また、ギンコというイチョウの葉エキスが急性高山病予防に効くという報告もあります。イチョウの葉に含まれる物質が活性酸素消去、血管拡張を促すために、高山病に効くというものです。

深呼吸をする

高山病は酸素がなくなるために引き起こされる病気ですので、酸素を取り入れるため、深呼吸をしましょう。

このときのコツとして、肺にある空気をすべて吐き出すと効果的です。肺にある空気を出さないと、肺の中に空気が残った分、吸える酸素の量が限られてしまいます。

また、最近では携帯酸素のボンベが売られていますので、それを利用するという手もあります。

水分を摂取する

水分を摂取するのも高山病に有効です。15分に一口、30分に一口というように、定期的に少しずつ摂取するようにしましょう。

体内の水分が不足すると、血液が血管を流れにくくなります。それに合わせて、酸素の移動も疎かになり、結果、高山病を発症します。高山病かなと思ったら、水分を多めに摂り、身体の血液循環を良好な状態にしましょう。
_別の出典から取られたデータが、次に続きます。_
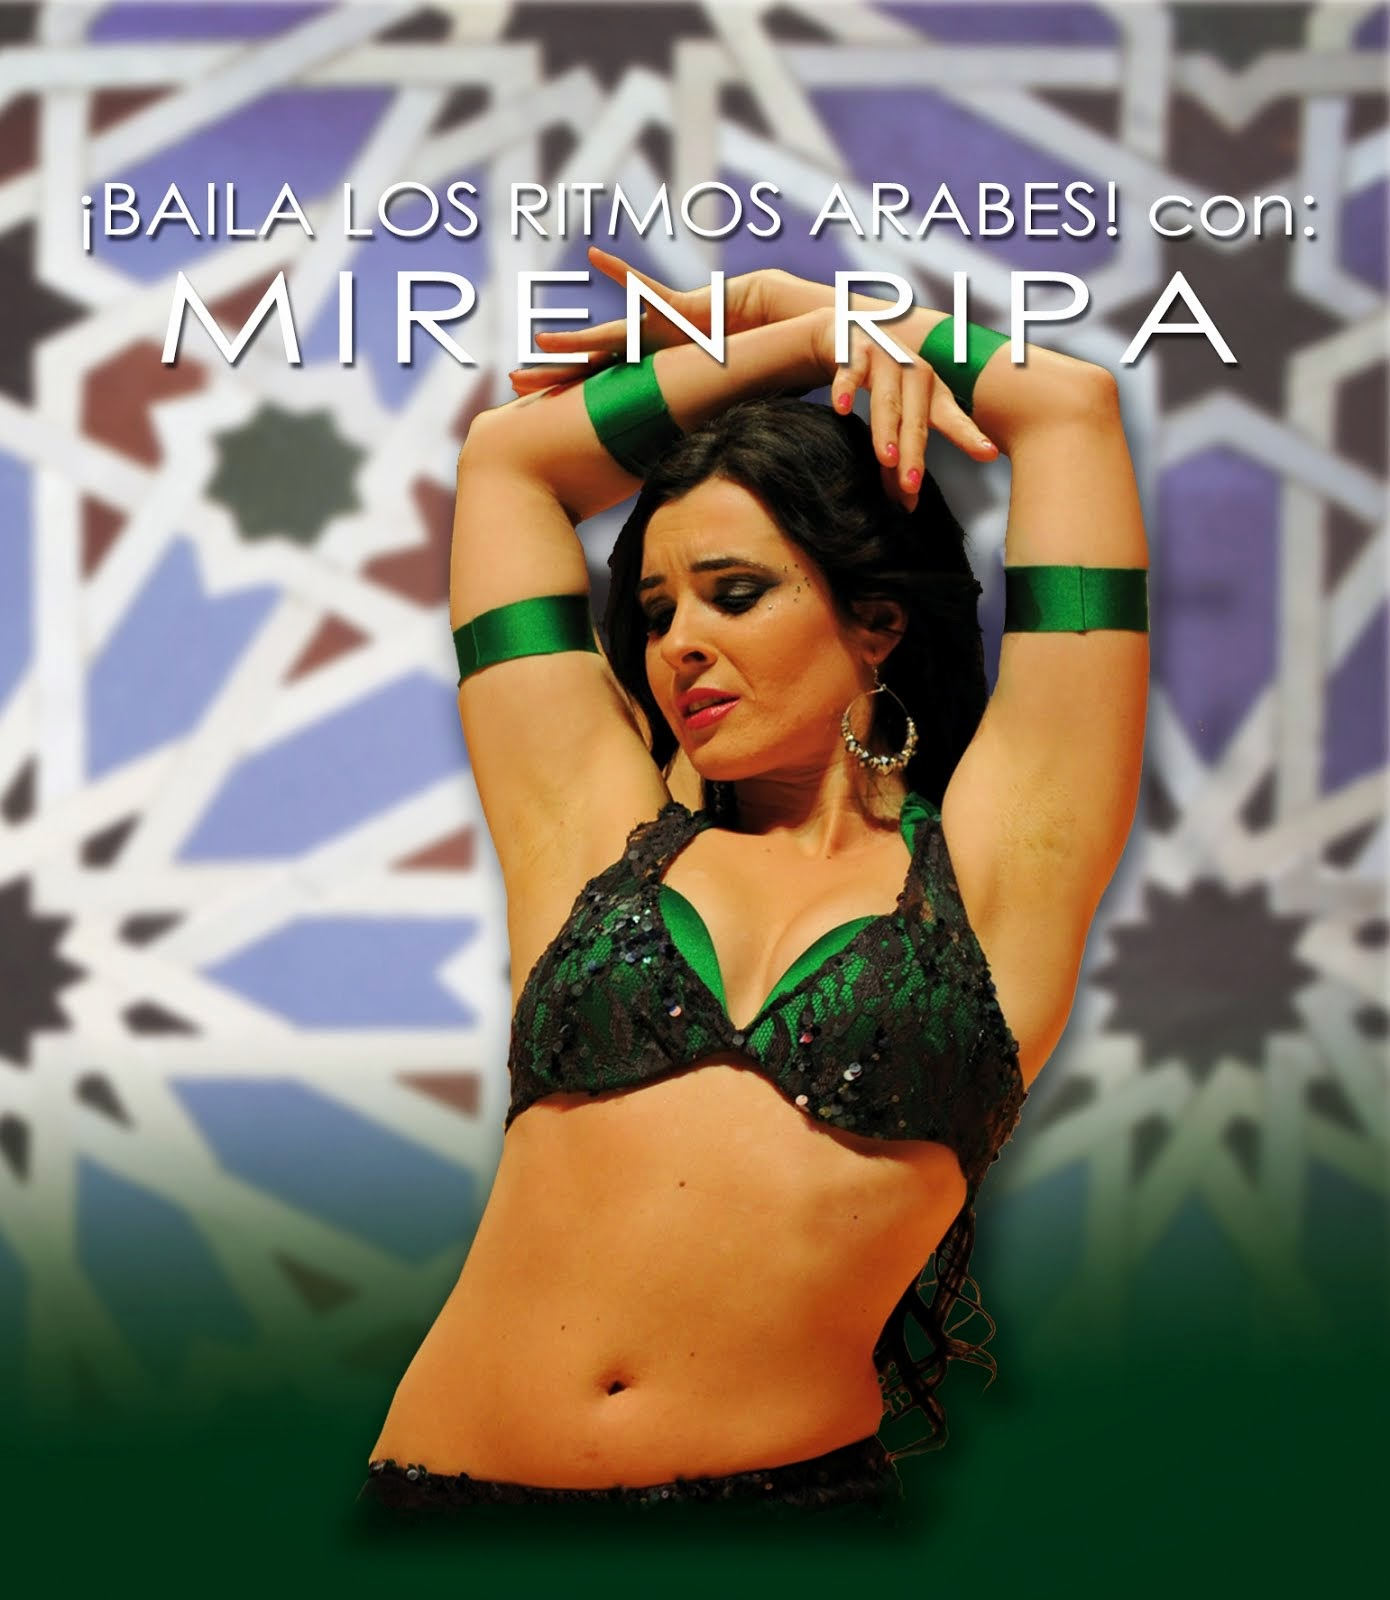 Baila Los Ritmos Arabes con Miren Ripa.

体を強く締め付けていると、高山病になりやすいという傾向にあります。ポテトチップスの袋を山頂に持っていくと気圧の関係で袋が膨れてきますが、これと同じ原理で体も膨張しています。

だから、高いところほどベルトを緩め、ズボンはジーパンなどのように体にぴったりするものは避けた方がいいでしょう。

また、鉄分を摂取しておくと、血中のヘモグロビン濃度が増加し、吸った酸素を体内に効率よく取り込めるようになります。生来、貧血気味の人は、高山病にかかりやすいという傾向にありますから、鉄分を摂取しておくことを心がけると良いでしょう。

また、天気が悪い日も気圧が低いので高山病になりやすいです。この点も注意しておきましょう。

皆が登っているから大丈夫だ、と気軽に思っていると、案外高山病になってしまうかもしれません。そんなとき、上記の項目を思い出して、早急に対処しましょう。